Nancy Lindborg Takes Helm of USIP
Leader in International Development and Humanitarian Response Will Be Fifth President
Leader in International Development and Humanitarian Response will be Fifth President
For Immediate Release, February 2, 2015
Contact: Allison Sturma, 202-429-4725
(Washington) – Nancy Lindborg today became the fifth president of the U.S. Institute of Peace. In its 30th year, the Institute works in Washington and in some of the world’s most volatile regions, including Iraq, Afghanistan, Syria, Libya, Sudan and South Sudan.
USIP’s board chairman, Stephen Hadley, presided during Lindborg’s swearing-in at the organization’s iconic headquarters on the National Mall. The Honorable Vanessa Ruiz, judge of the D.C. Court of Appeals, administered the oath of office.
Lindborg told dignitaries and Institute staff that her 20 years of working in and around conflict has led her to an “unshaken conviction that we must be focused on all the ways to prevent, to mitigate, to help people in communities around the world recover from violent conflict.” Lindborg has served as president of Mercy Corps and as assistant administrator at the Agency for International Development.
Lindborg underscored the confluence of crises that, in 2014, overburdened the available humanitarian response. She cited the wars in Syria, South Sudan, and the Central African Republic, and the world’s biggest outbreak of the Ebola virus, as reasons why.
“Every one of those crises had their roots… in the kind of devastation that happens when there is violent conflict,” Lindborg said. “Ebola was, in particular, a wake-up call for why we need to pay attention to global conflict as the virus raged through countries that had only recently emerged from conflict and then threatened the U.S. and other countries.”
Hadley, who served as the U.S. national security advisor from 2005 to 2009, introduced Lindborg. “As USIP works to advance the cause of peace in fragile democracies from Afghanistan to South Sudan, Nancy is the ideal leader to take the organization forward,” he said after the ceremony.
Lindborg concluded by calling the Institute an “essential, enduring institution that is the expression and the voice of the American people’s commitment to peace.”

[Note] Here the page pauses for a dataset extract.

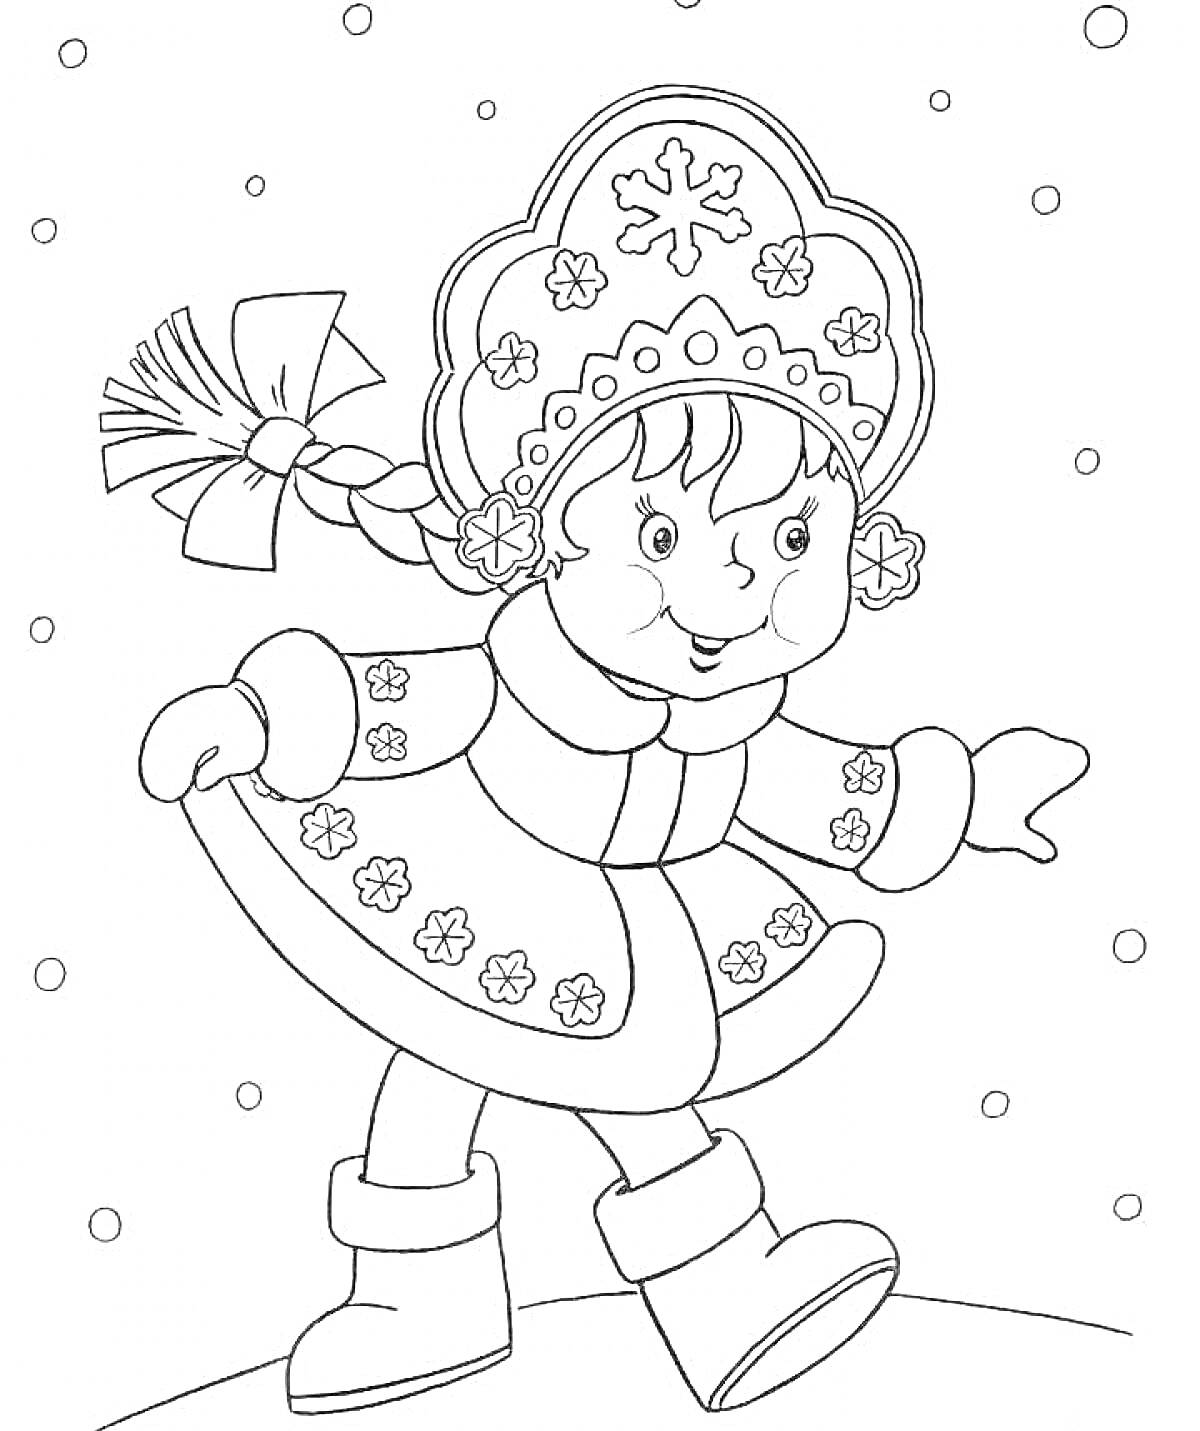 Снегурочка в шубке со снежинками и кокошнике, гуляющая на снегу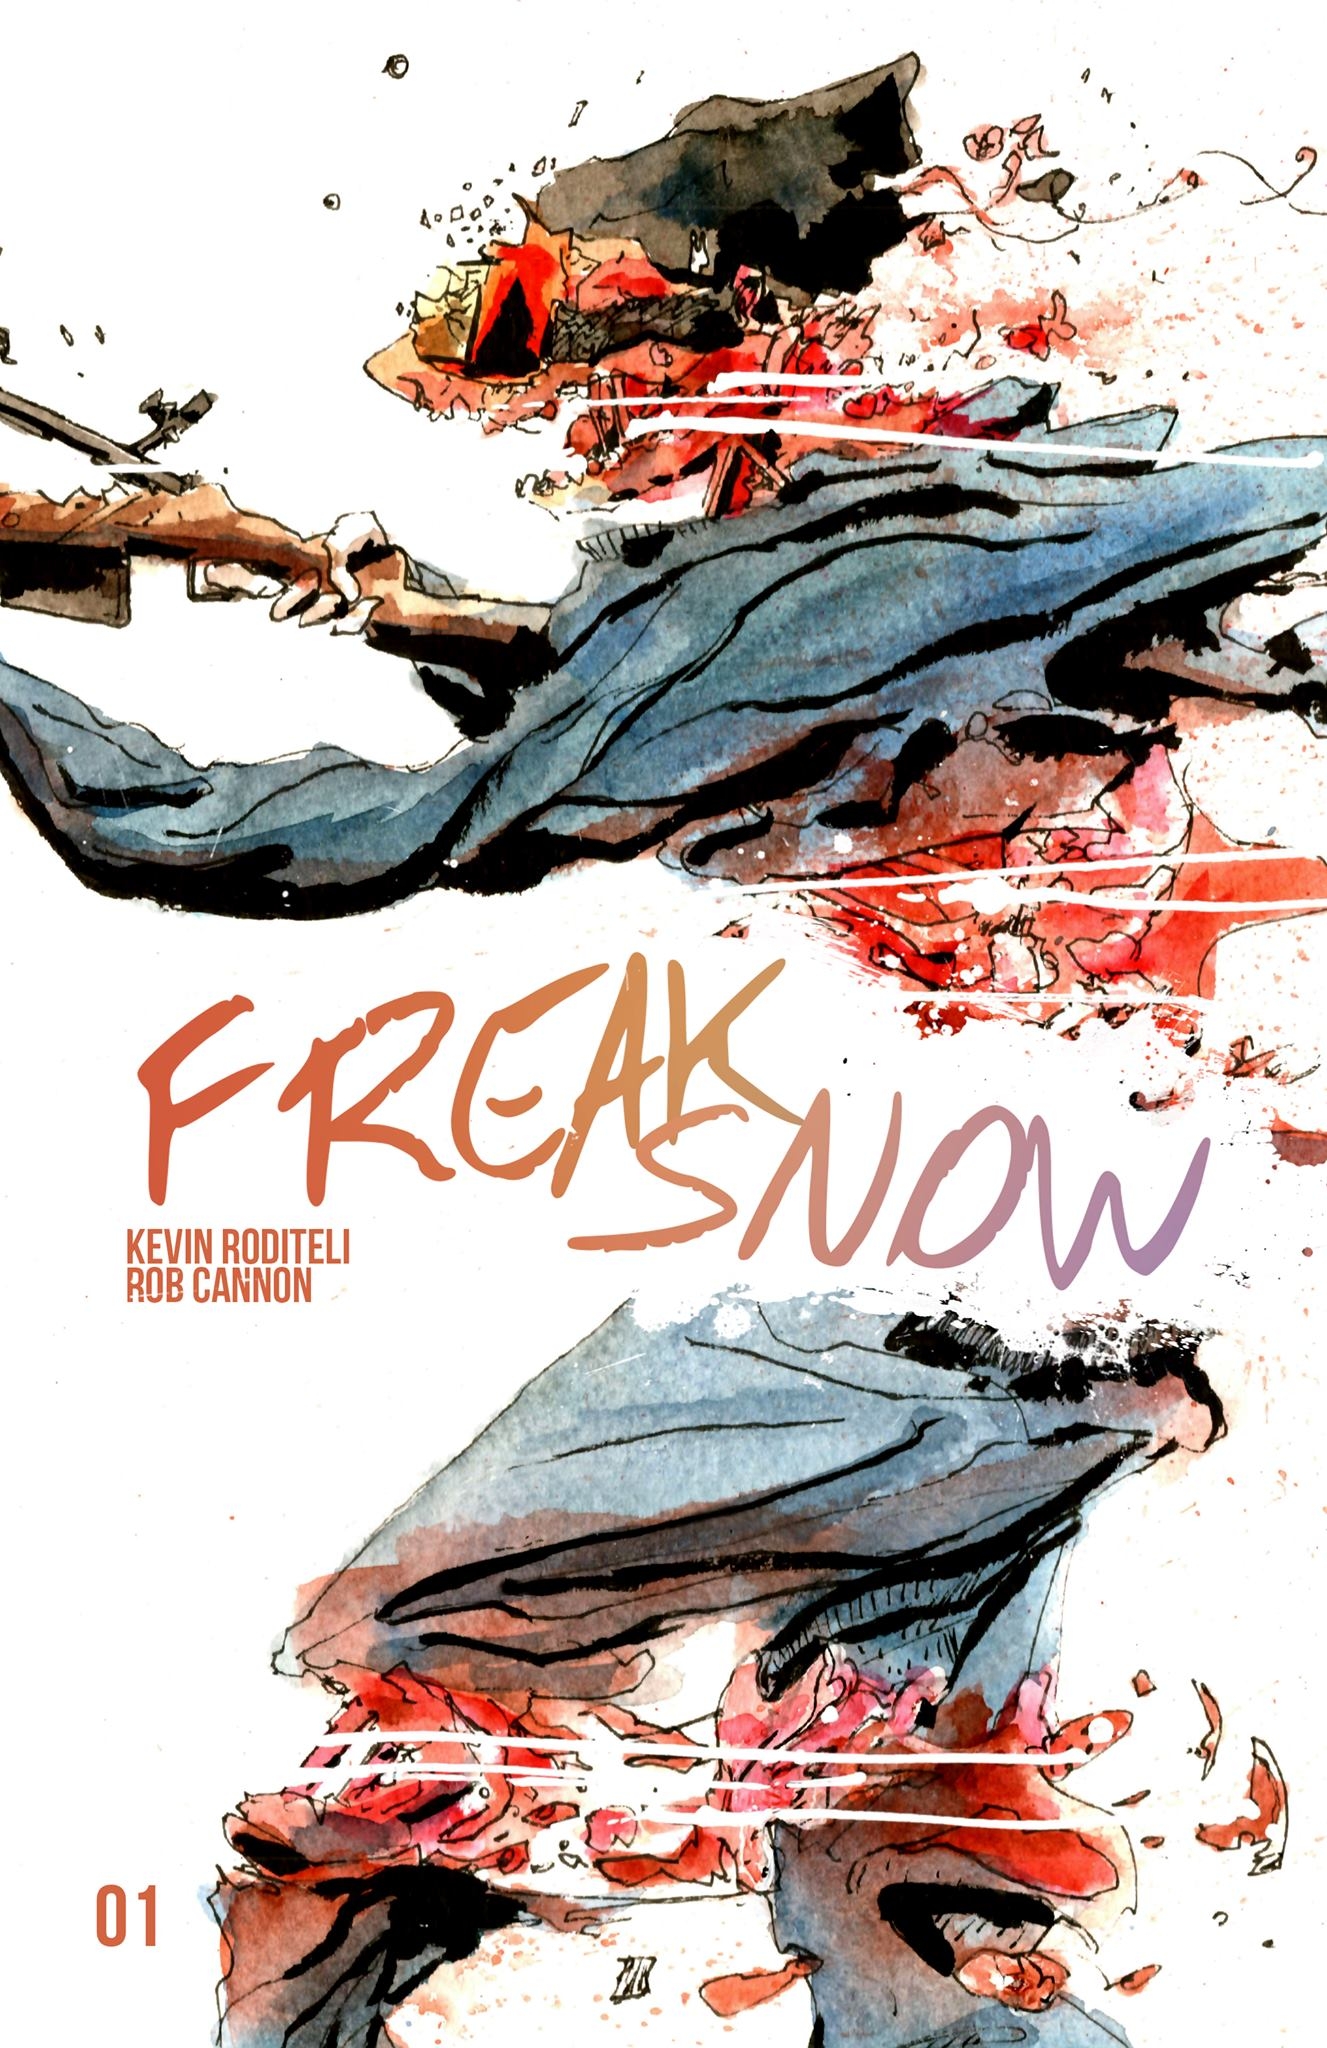 Here’s Freak Snow #1 Variant Cover!

Lindborg has spent her career working on issues of transition, democracy and civil society, conflict and humanitarian response, most recently as the assistant administrator of the Bureau for Democracy, Conflict and Humanitarian Assistance at the Agency for International Development. She served as president of Mercy Corps, which she spent 14 years helping to build into a globally respected organization known for innovative programs in the most challenging environments.